PROBLEM TO SOLVE
Could you repeat the entries below exactly, but only from the line with "7 Historical Islamic" through the line with "Prep Naturals - Food", and without any picture?

EXERCISE MATERIAL

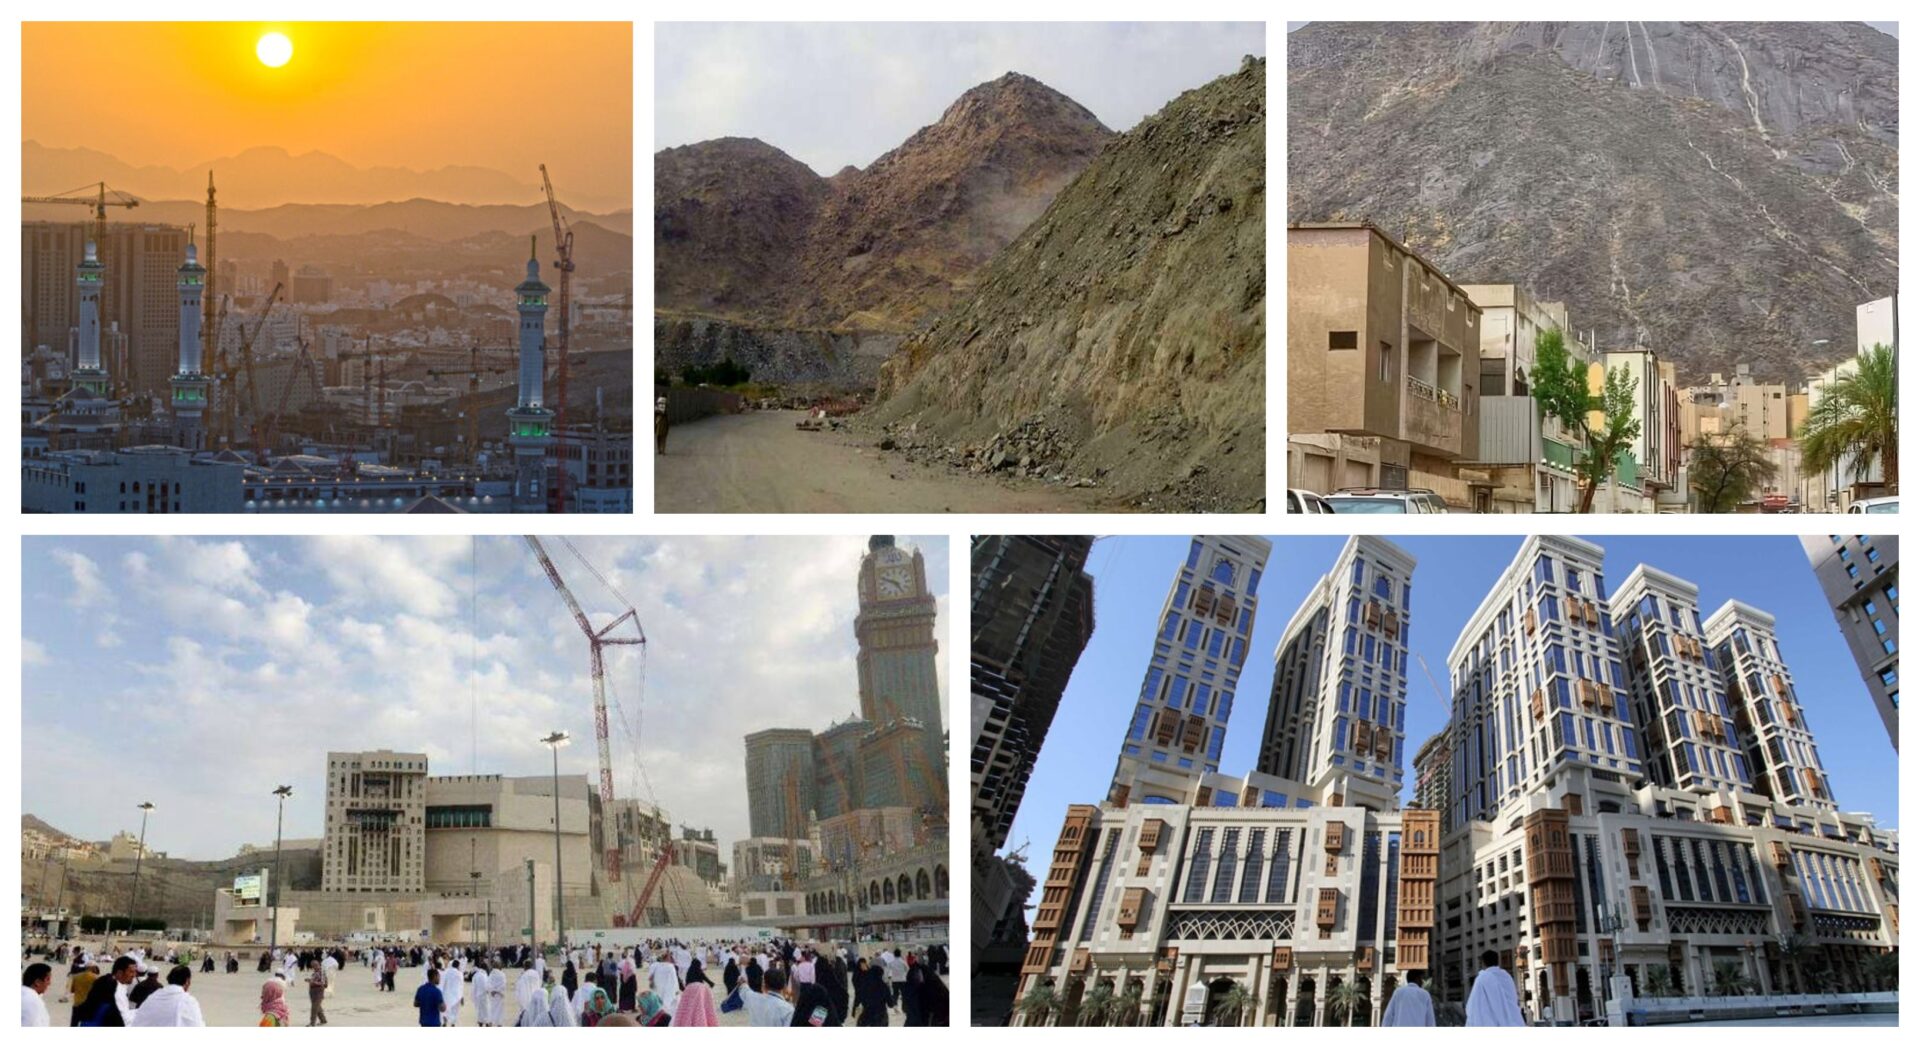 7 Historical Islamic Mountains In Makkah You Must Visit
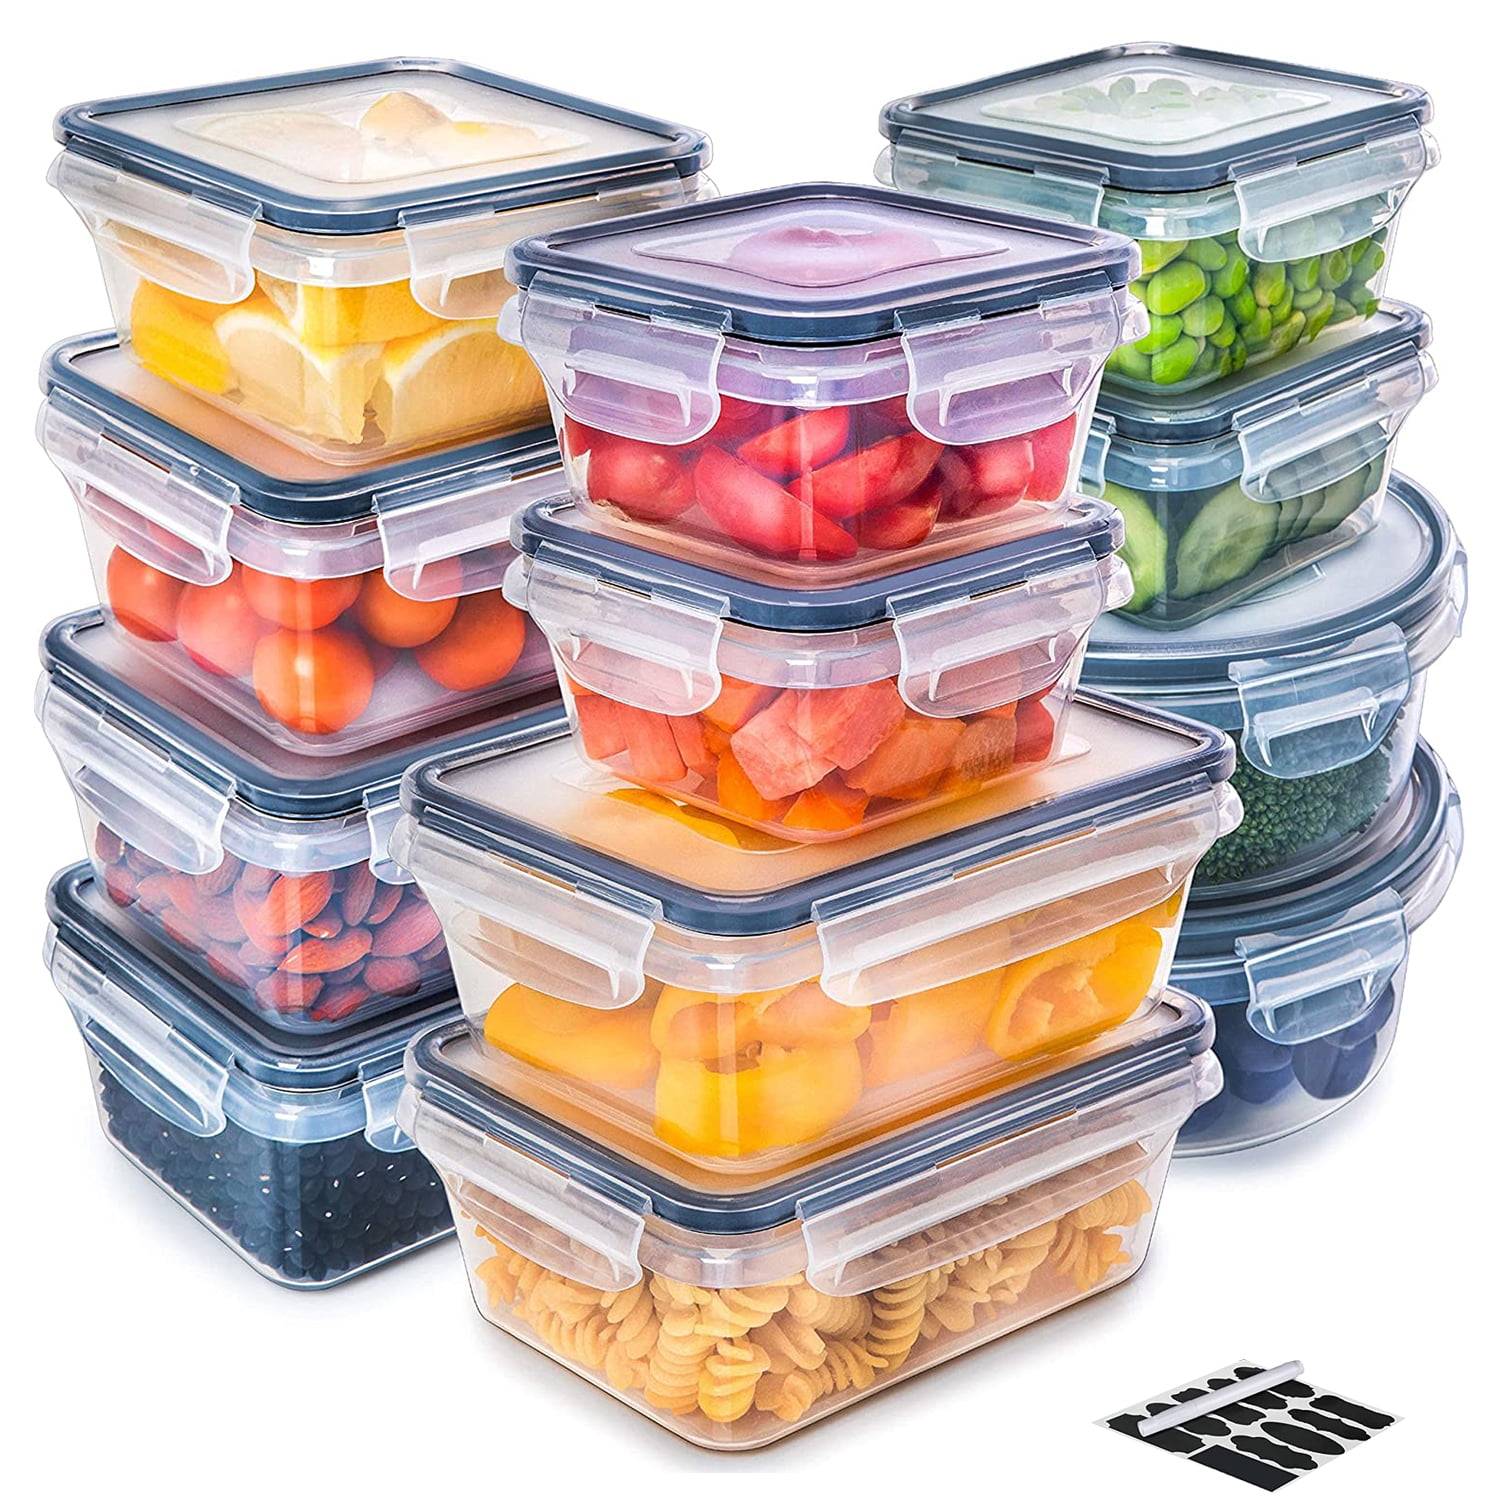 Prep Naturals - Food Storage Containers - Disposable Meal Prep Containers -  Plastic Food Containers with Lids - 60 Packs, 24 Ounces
---
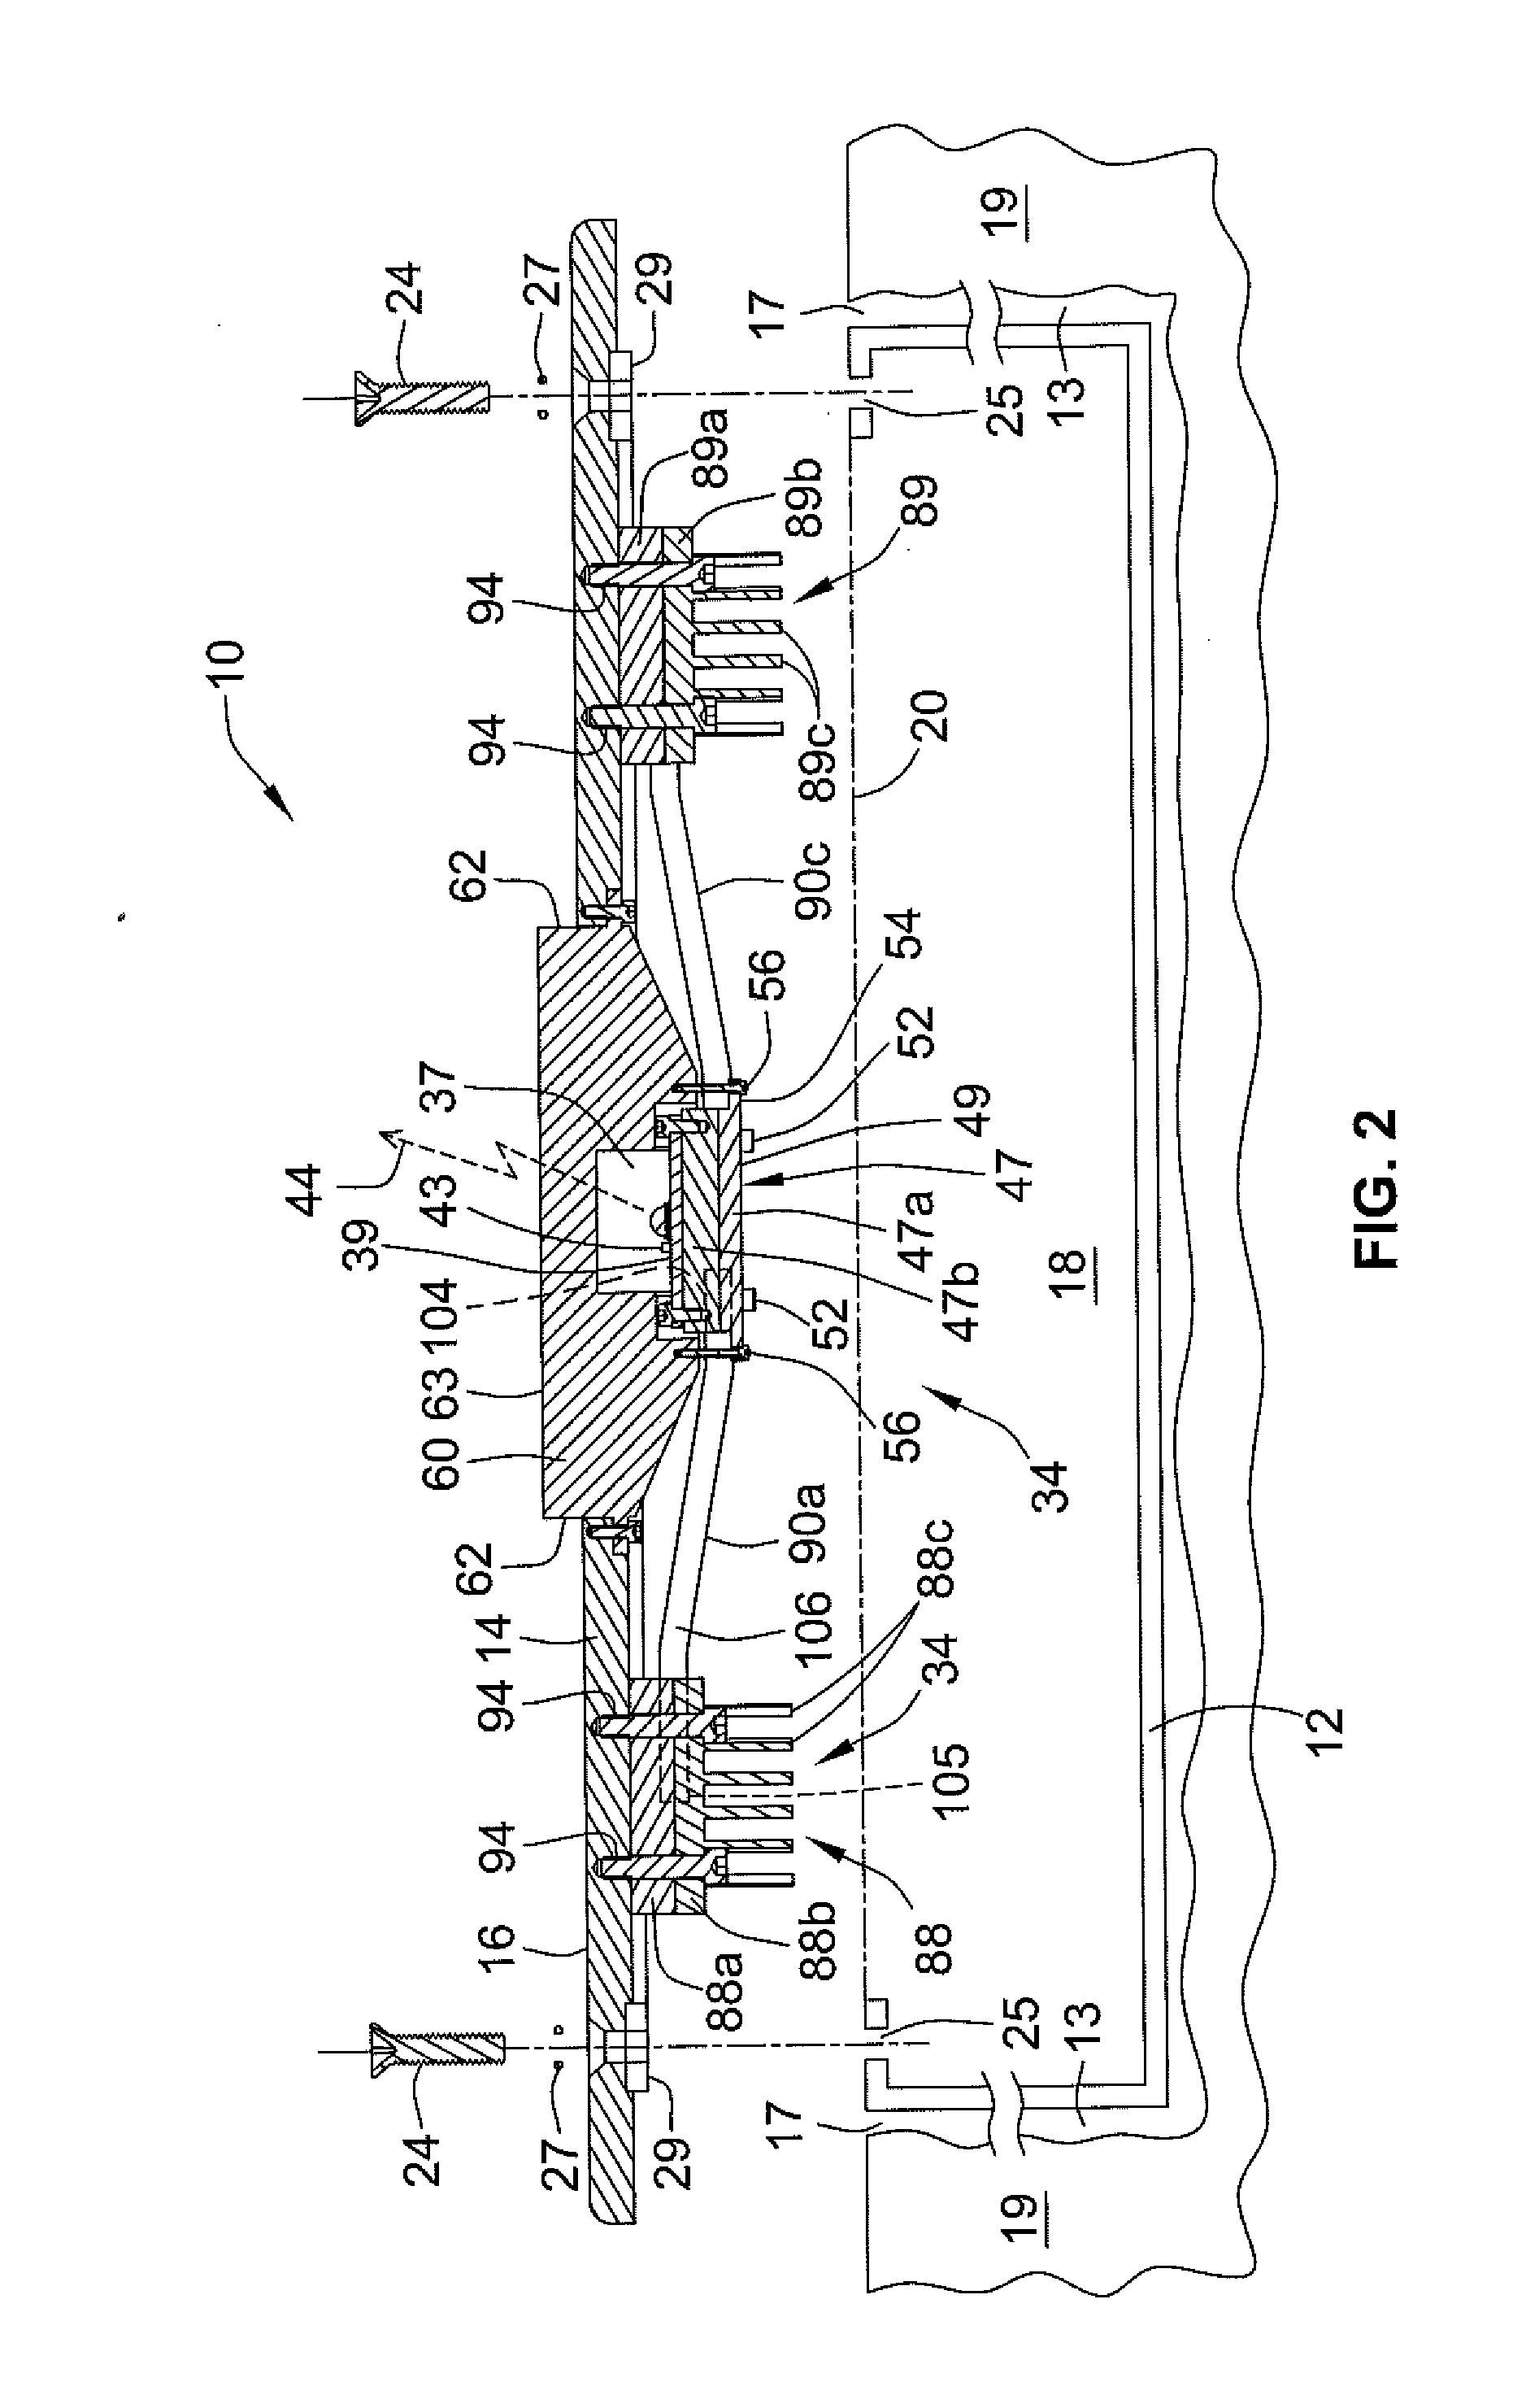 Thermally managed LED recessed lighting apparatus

SOLUTION FOR THIS TASK
 7 Historical Islamic Mountains In Makkah You Must Visit
 Prep Naturals - Food Storage Containers - Disposable Meal Prep Containers -  Plastic Food Containers with Lids - 60 Packs, 24 Ounces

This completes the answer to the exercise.